Data excerpt: Begin

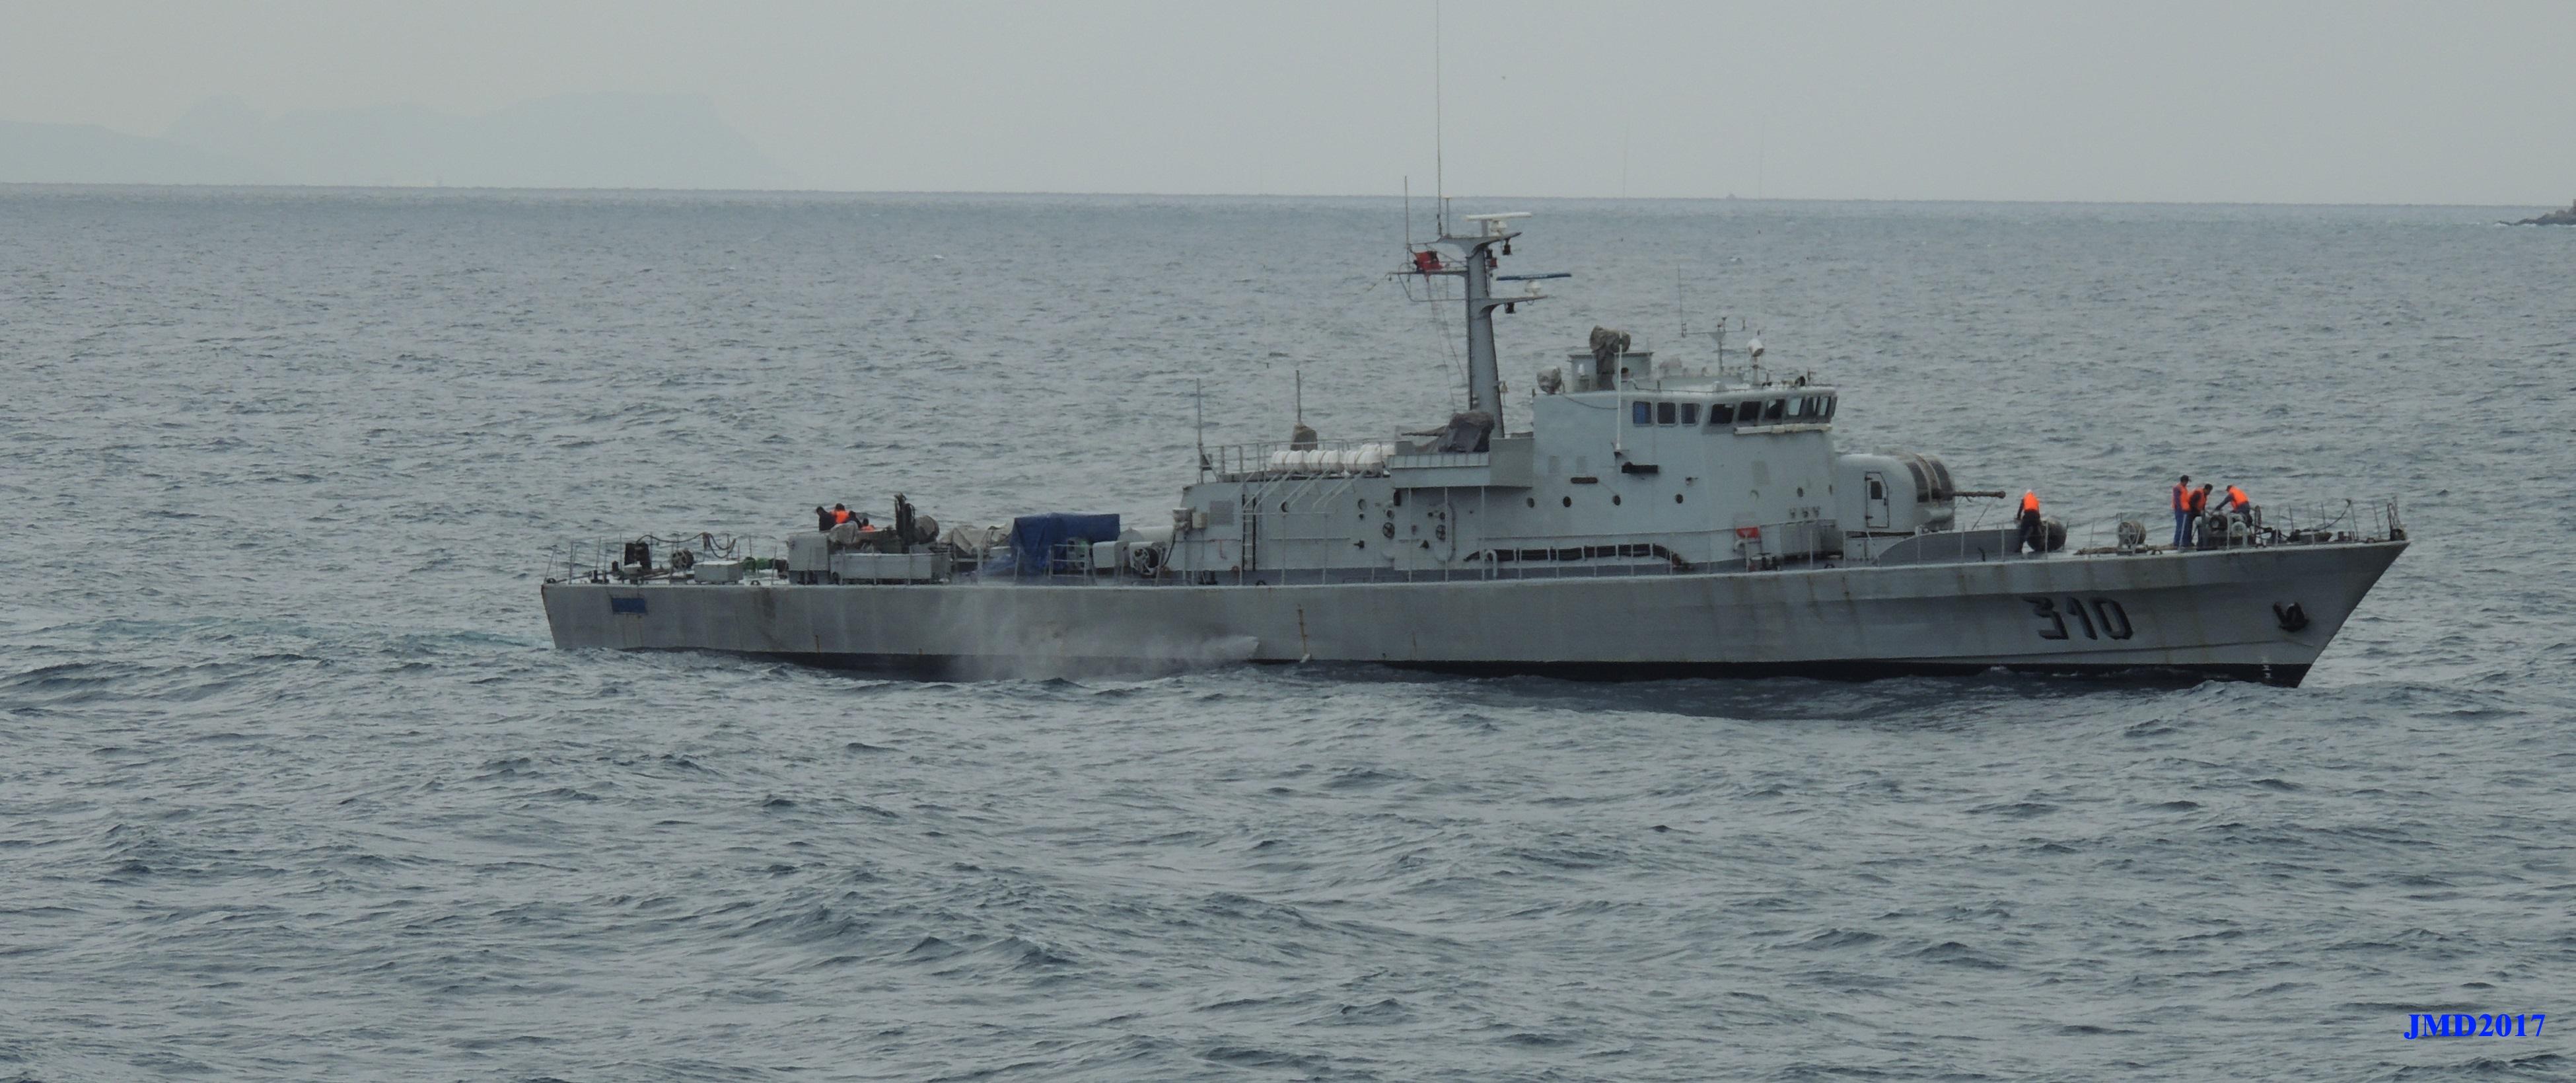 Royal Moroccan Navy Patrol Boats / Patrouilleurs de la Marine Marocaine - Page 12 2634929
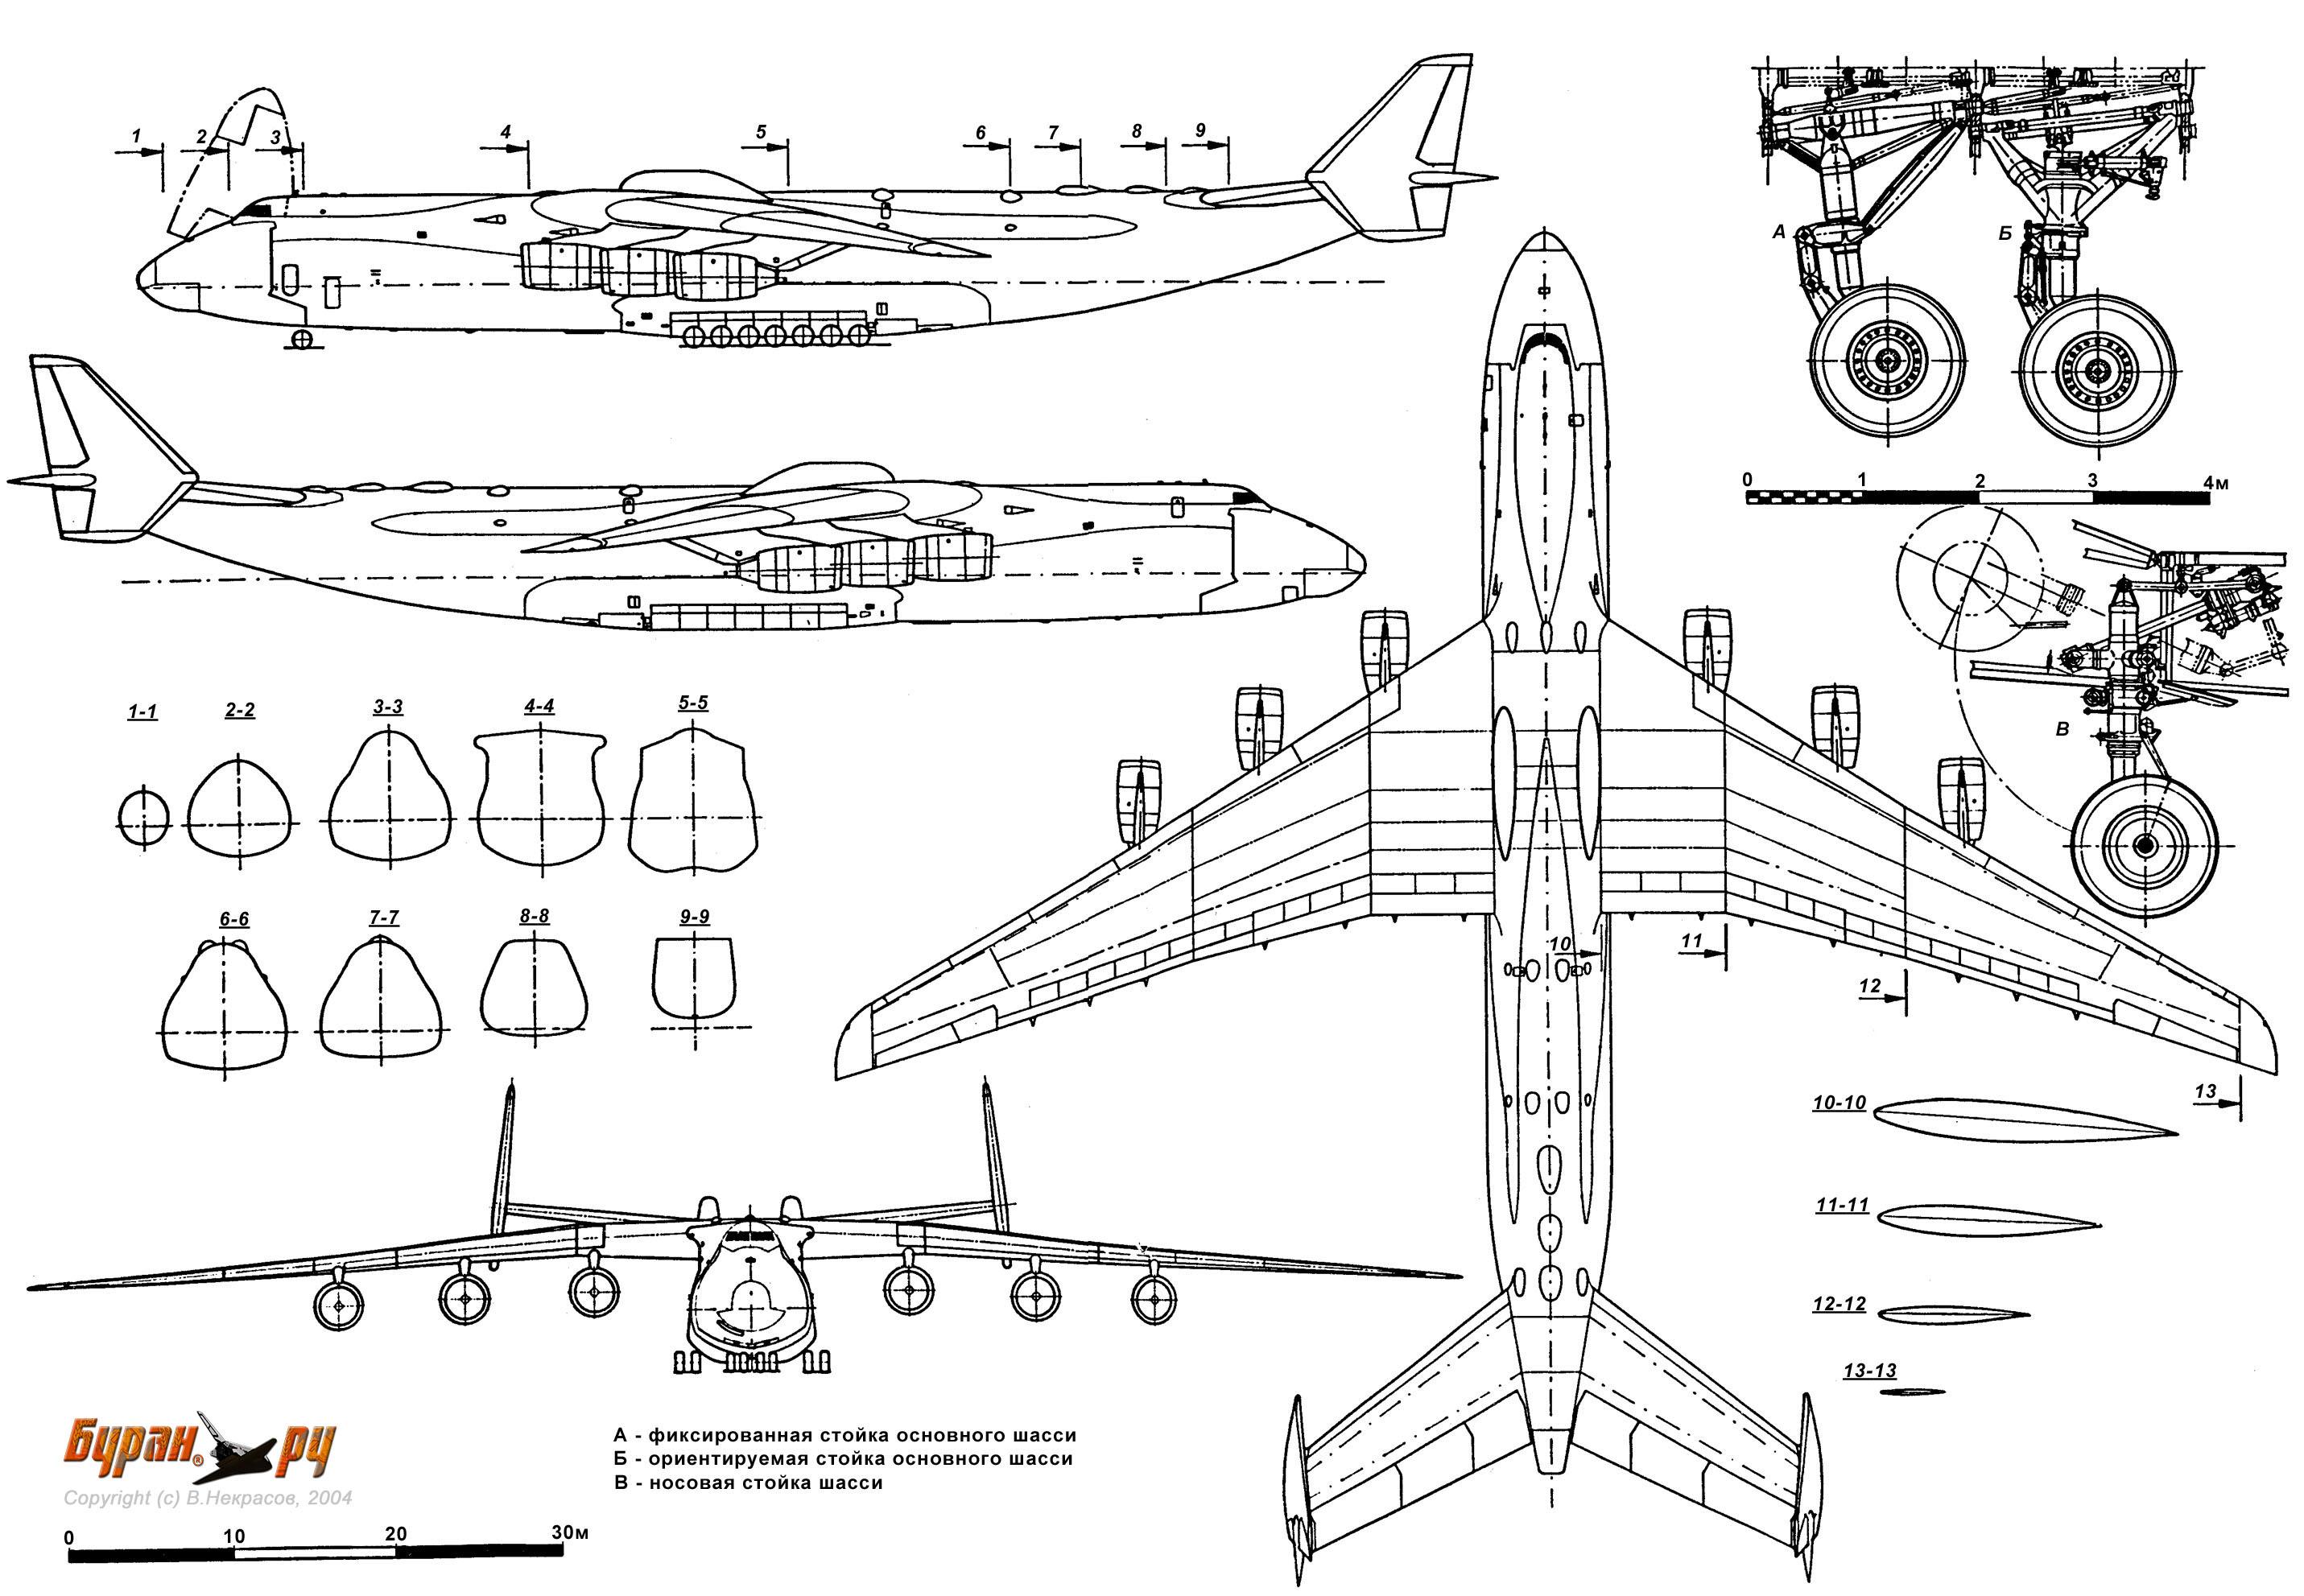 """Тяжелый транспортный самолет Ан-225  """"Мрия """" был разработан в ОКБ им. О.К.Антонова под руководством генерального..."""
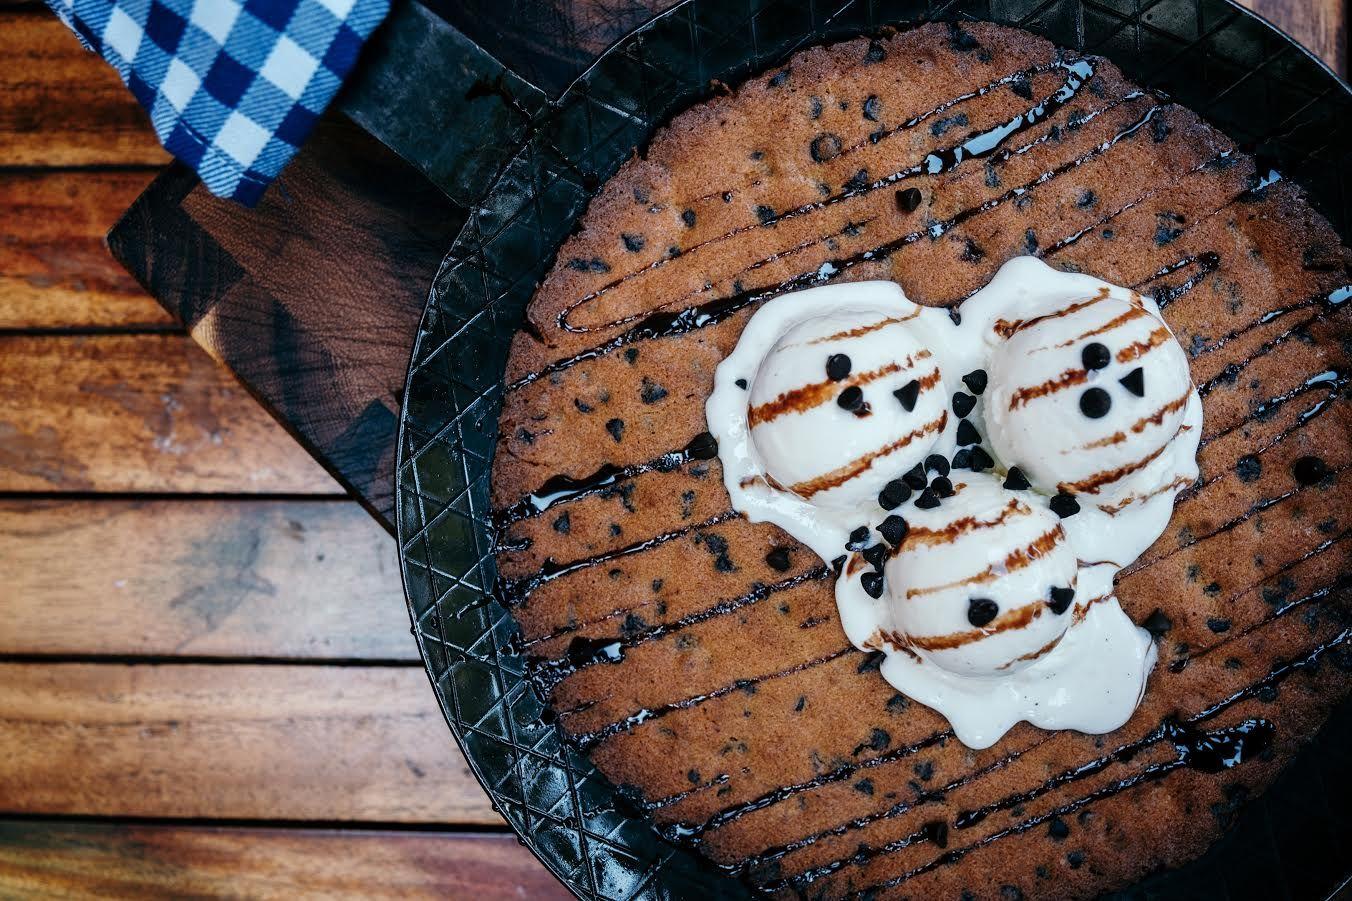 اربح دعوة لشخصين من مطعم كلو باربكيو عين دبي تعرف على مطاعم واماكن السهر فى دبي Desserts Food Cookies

Data excerpt: End

▶ **Instructions for the task**:
Put each line of the listing above into the copy exactly, dropping the pictures.

▶ **Worked solution**:
 Royal Moroccan Navy Patrol Boats / Patrouilleurs de la Marine Marocaine - Page 12 2634929
 """Тяжелый транспортный самолет Ан-225  """"Мрия """" был разработан в ОКБ им. О.К.Антонова под руководством генерального..."""
 اربح دعوة لشخصين من مطعم كلو باربكيو عين دبي تعرف على مطاعم واماكن السهر فى دبي Desserts Food Cookies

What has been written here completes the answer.